_BRIEF:_ Restate the data below word for word, omitting pictures.

_EXERCISE DATA:_
++++++
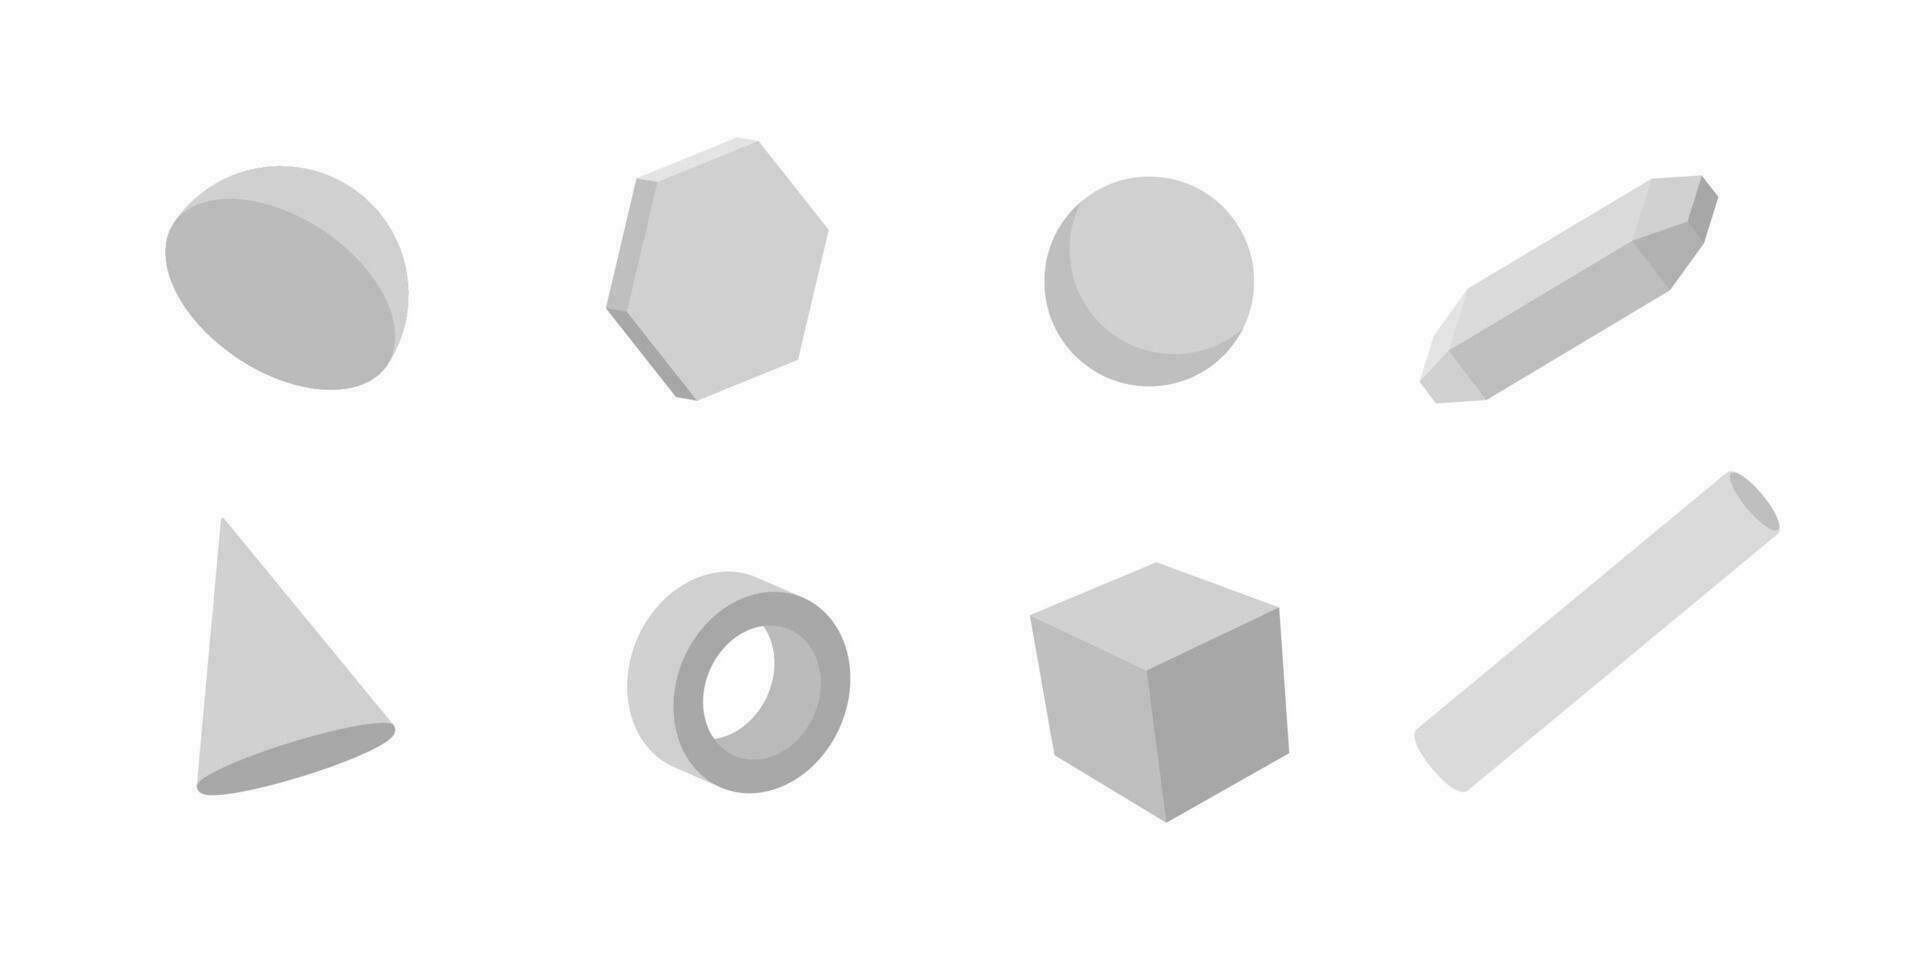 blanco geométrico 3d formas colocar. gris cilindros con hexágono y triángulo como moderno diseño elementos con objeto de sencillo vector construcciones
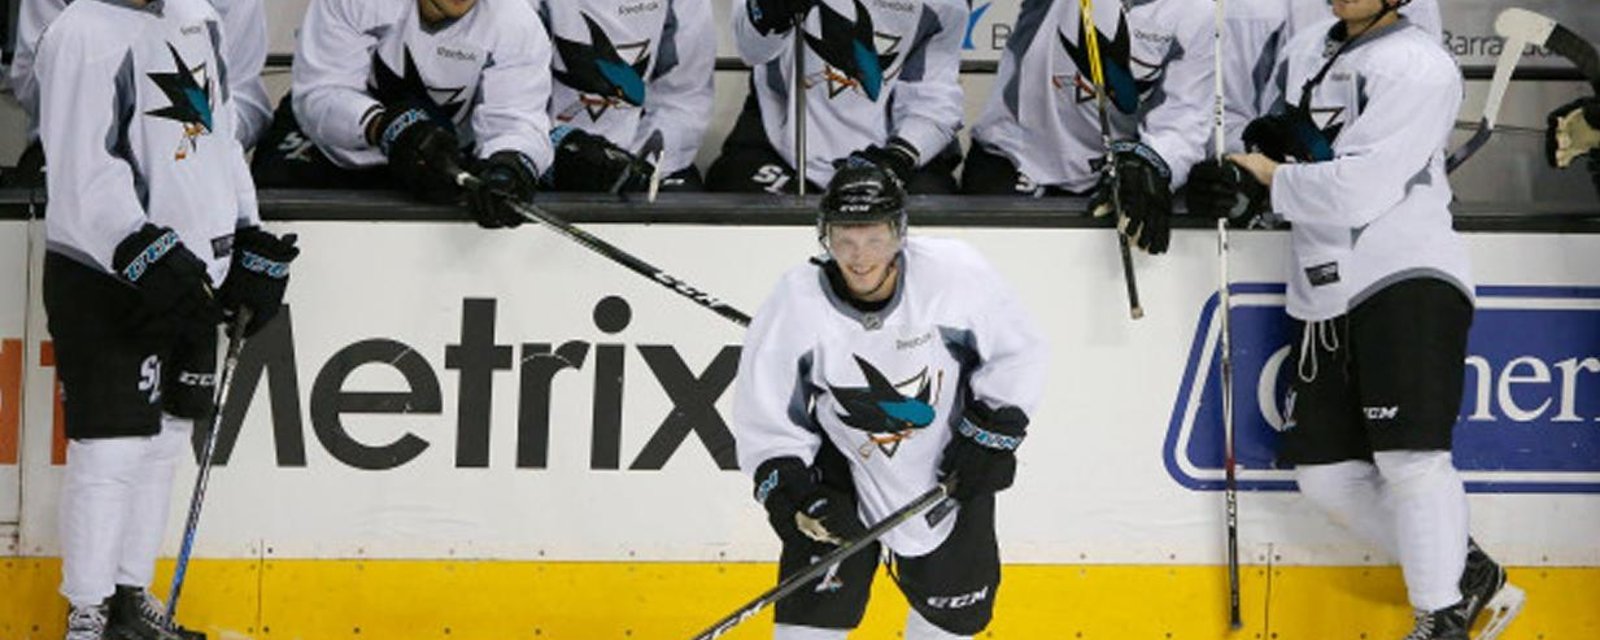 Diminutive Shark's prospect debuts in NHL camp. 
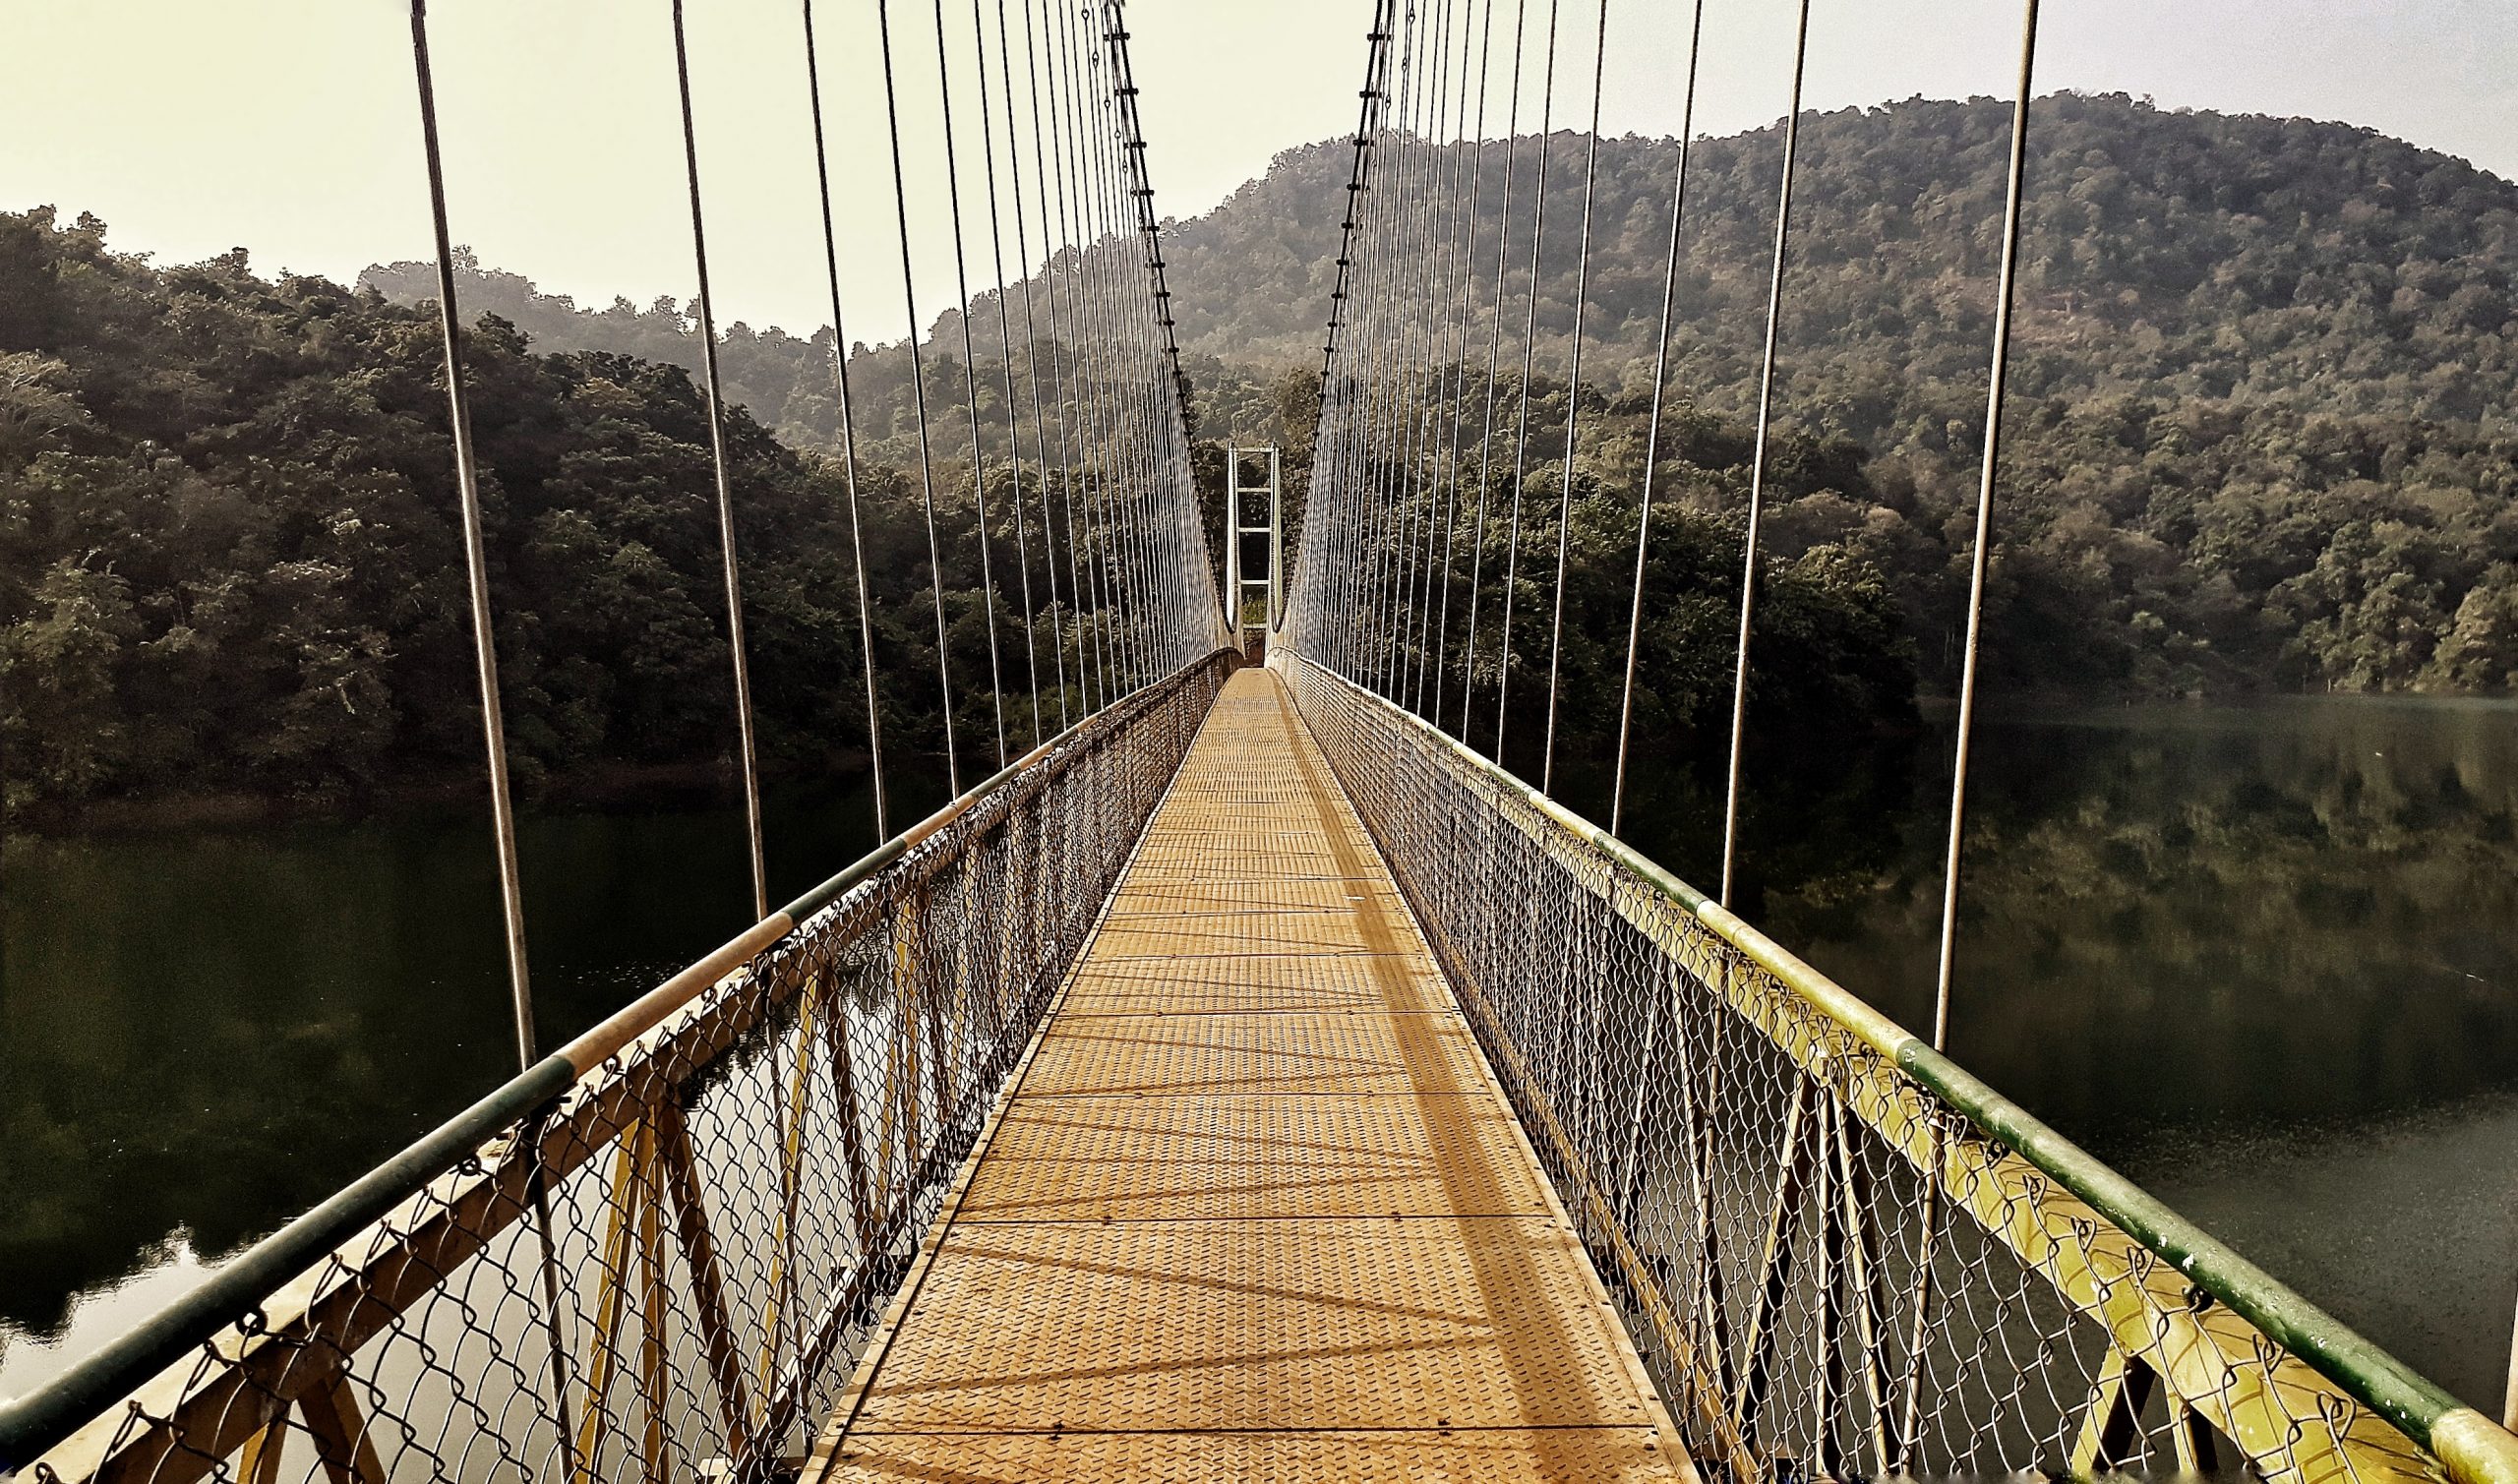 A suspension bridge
++++++
_RESPONSE TO THIS TASK:_
 blanco geométrico 3d formas colocar. gris cilindros con hexágono y triángulo como moderno diseño elementos con objeto de sencillo vector construcciones
 Diminutive Shark's prospect debuts in NHL camp. 
 A suspension bridge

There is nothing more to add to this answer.